= Upapurana =

Hindu religious texts

The Upapuranas (Sanskrit: ') are a genre of Hindu religious texts consisting of many compilations differentiated from the Mahapuranas by styling them as secondary Puranas using the prefix Upa (secondary). Though only a few of these compilations originated earlier than most of the extant Mahapuranas, some of these texts are extensive and important.

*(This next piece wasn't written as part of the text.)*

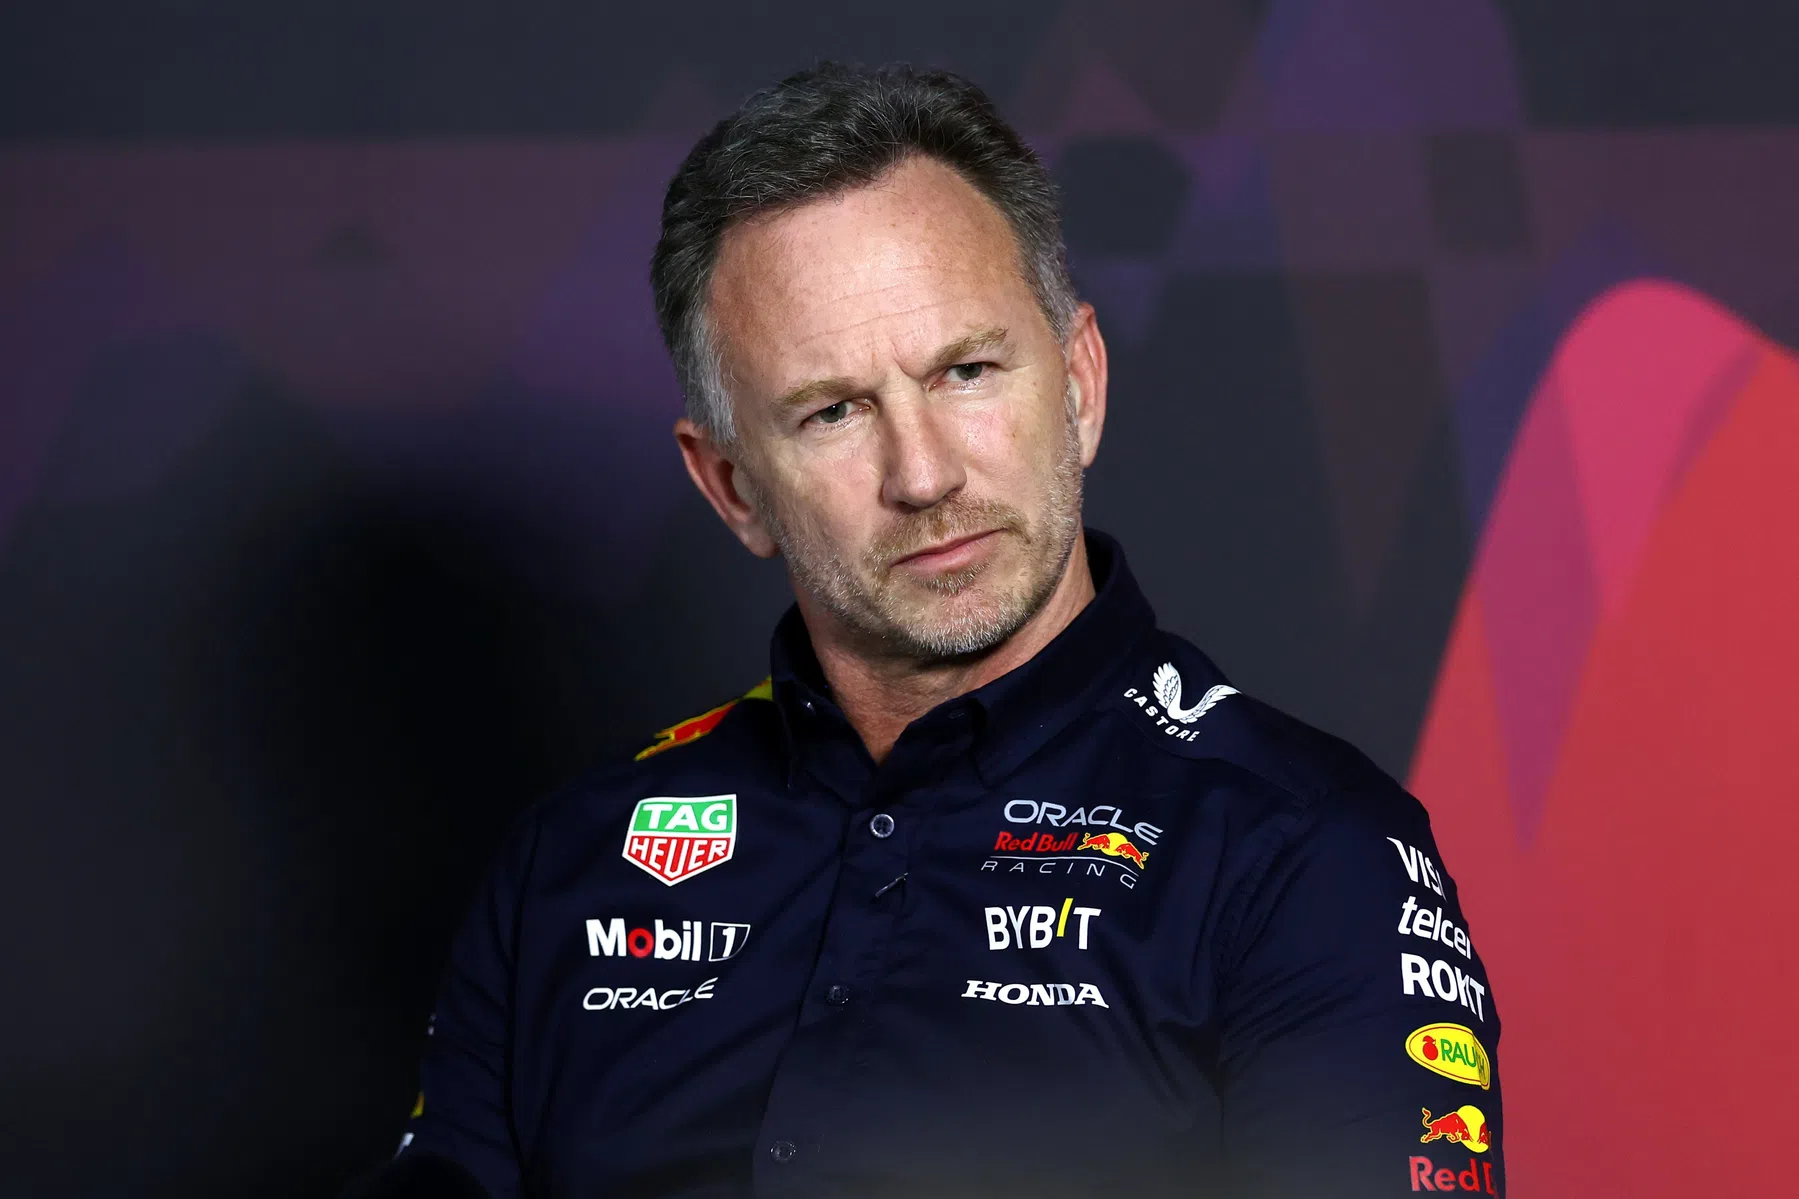 reason why Red Bull suspended the employee who accused Horner
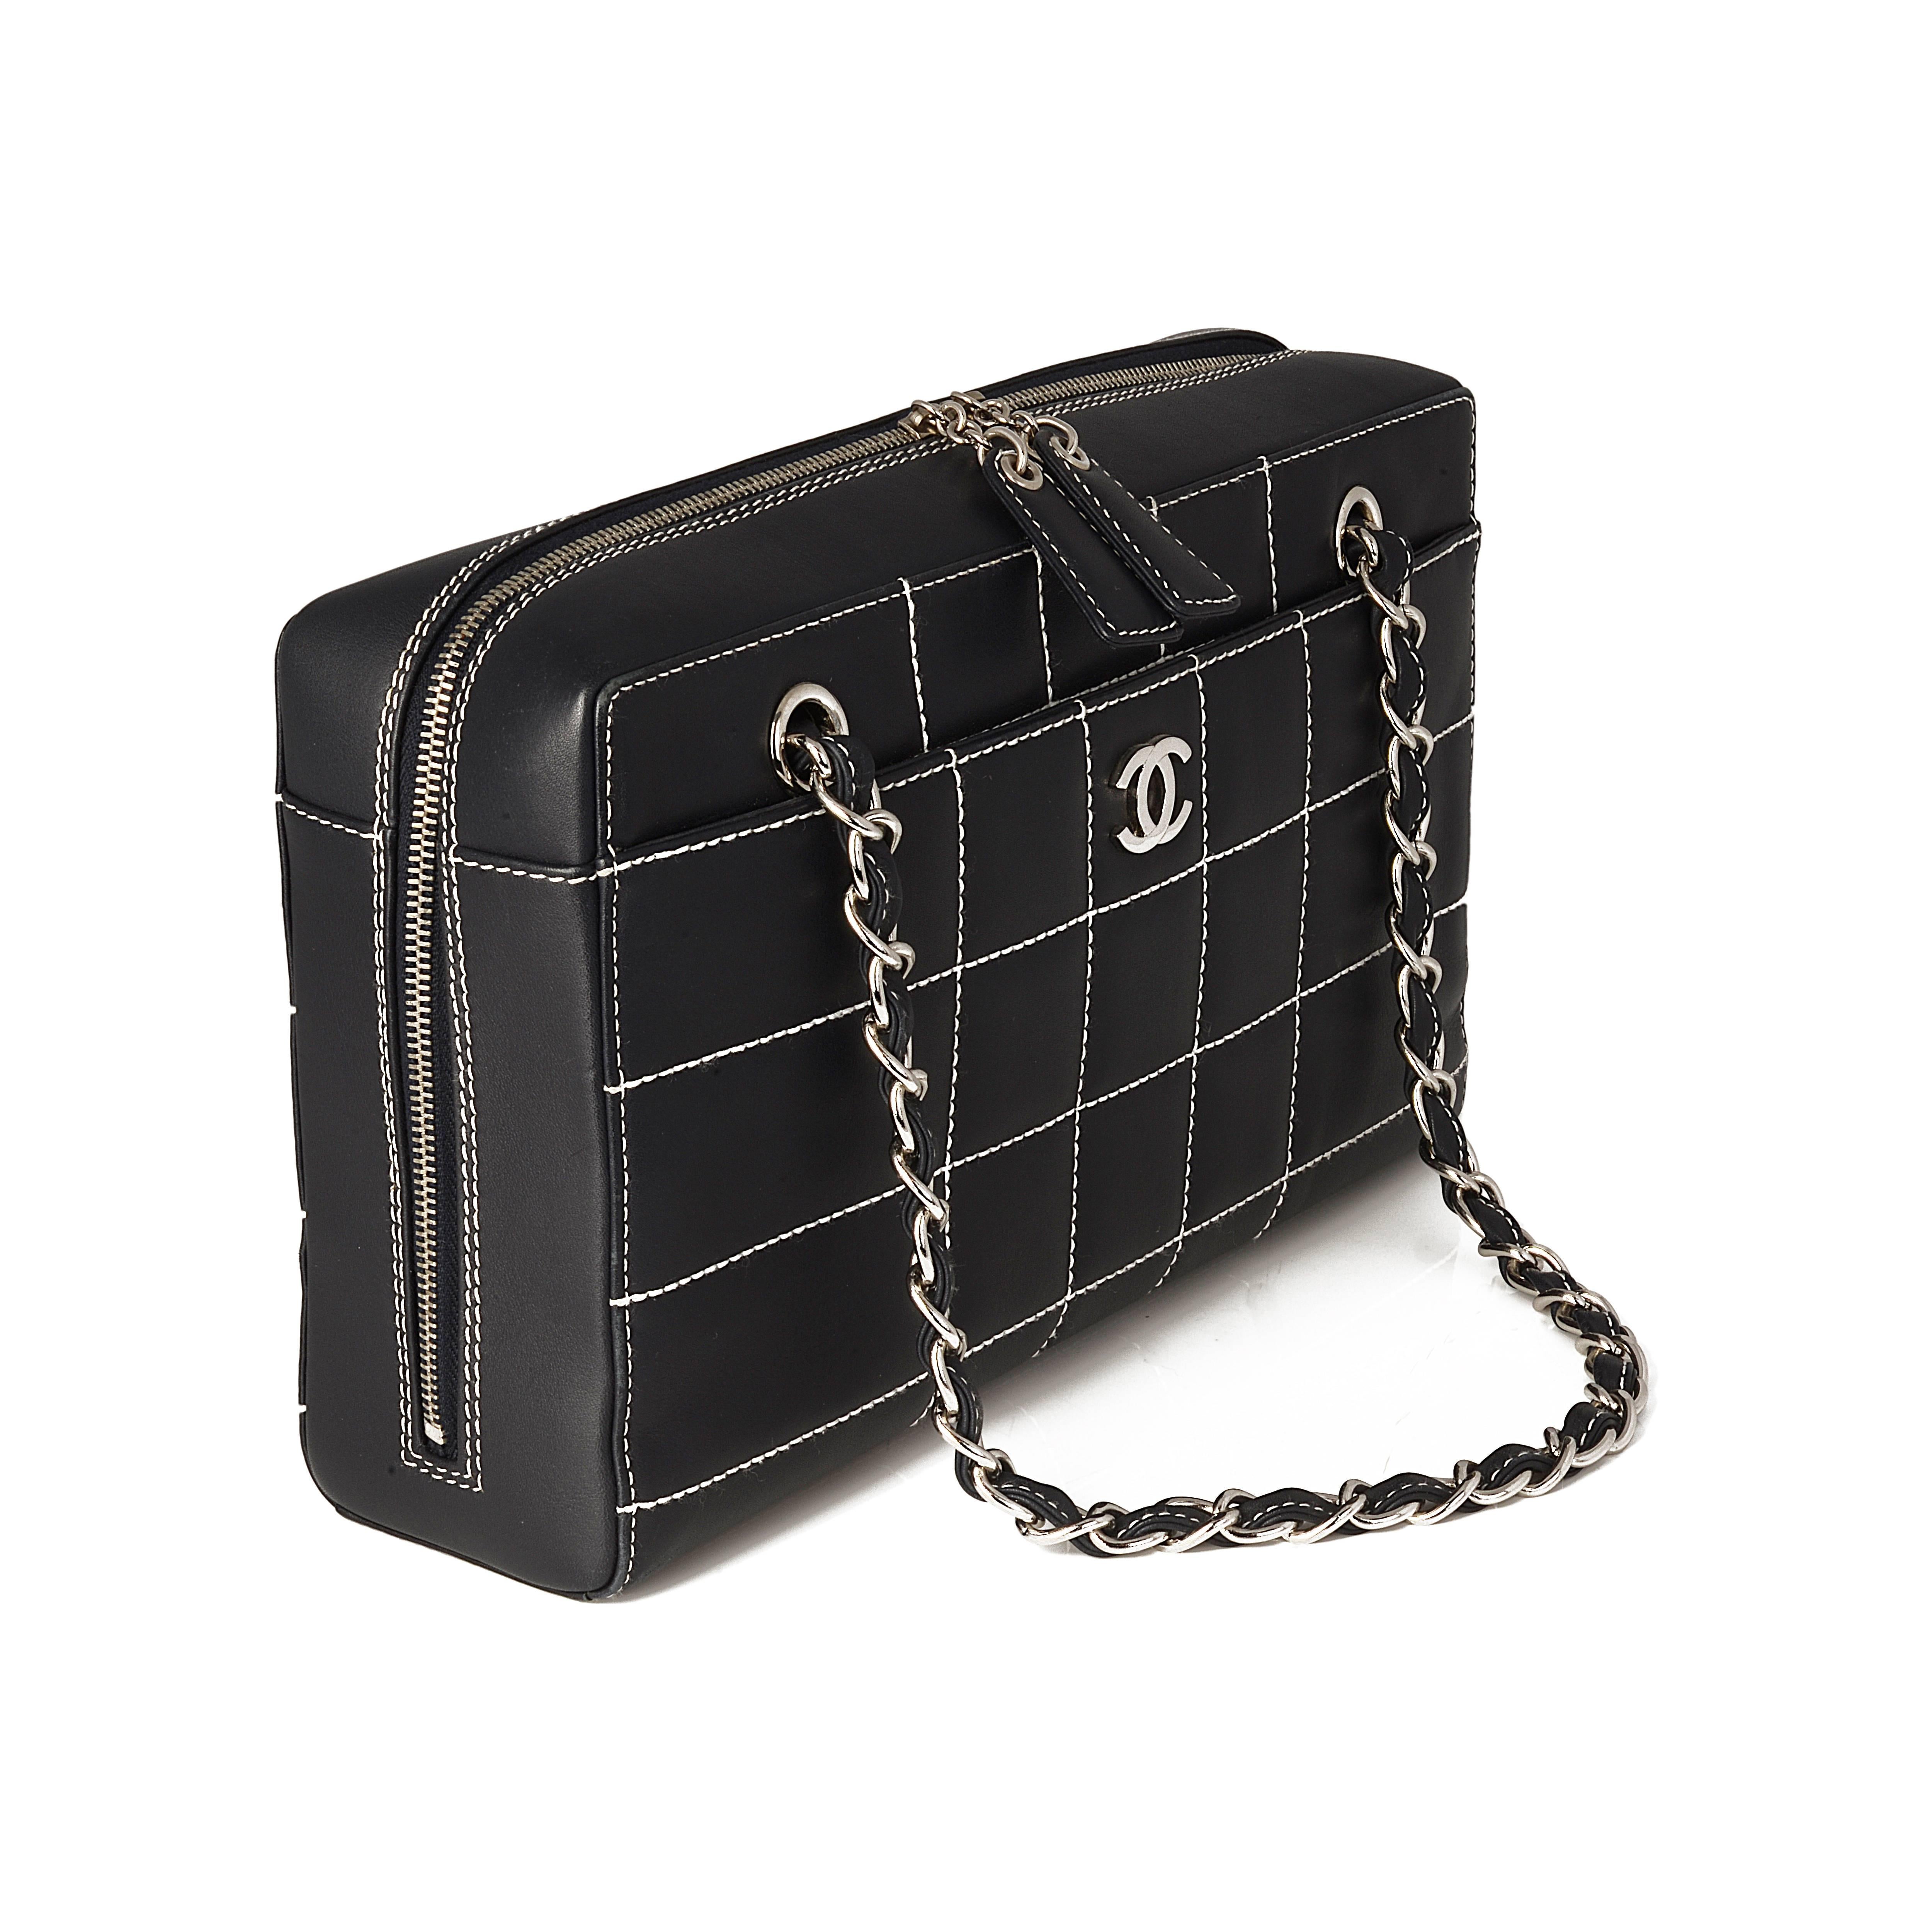 Crafted in France from navy blue leather, this unique shoulder bag features chain and leather straps, and a double zip closure. Inside there is a spacious main compartment and an internal zipped pocket for all your daily essentials. The exterior is

== Definition and number ==
Similar to the case of the Mahapuranas, a claim has been made in a number of Puranas and Smritis that the Upapuranas are also eighteen in number and give evidence of their knowledge of the existence of a larger number of the Upapuranas. But, unlike the case of the Mahapuranas, the different lists of eighteen Upapuranas seldom agree with one another with regard to the names of these texts. Lists of eighteen Upapuranas occur in a number of texts, which include the Kurma Purana, the Garuda Purana, the Sanatkumara Purana, the Ekamra Purana, the Vāruṇa Purāṇa, the Pārāśara Purāṇa, the Skanda Purana, the Padma Purana, the Aushanasa Purāṇa, Hemadri's Caturvargacintamani and Ballal Sena's Dana Sagara. In spite of the mention of a particular Upapurana in different lists under different names, these lists provide us the names of much more than eighteen texts as the Upapuranas. Brihada Vishnu Purana is a Upapurana mentioned in the list of Upapuranas in the Ekamra Purana. Its original manuscript has been lost. In fact, by examining all the Sanskrit texts which mention the names of these texts, the actual number of the Upapuranas are found to be near a hundred, including those mentioned in the different lists. But, it can not be denied that many of these texts have been lost without leaving any trace.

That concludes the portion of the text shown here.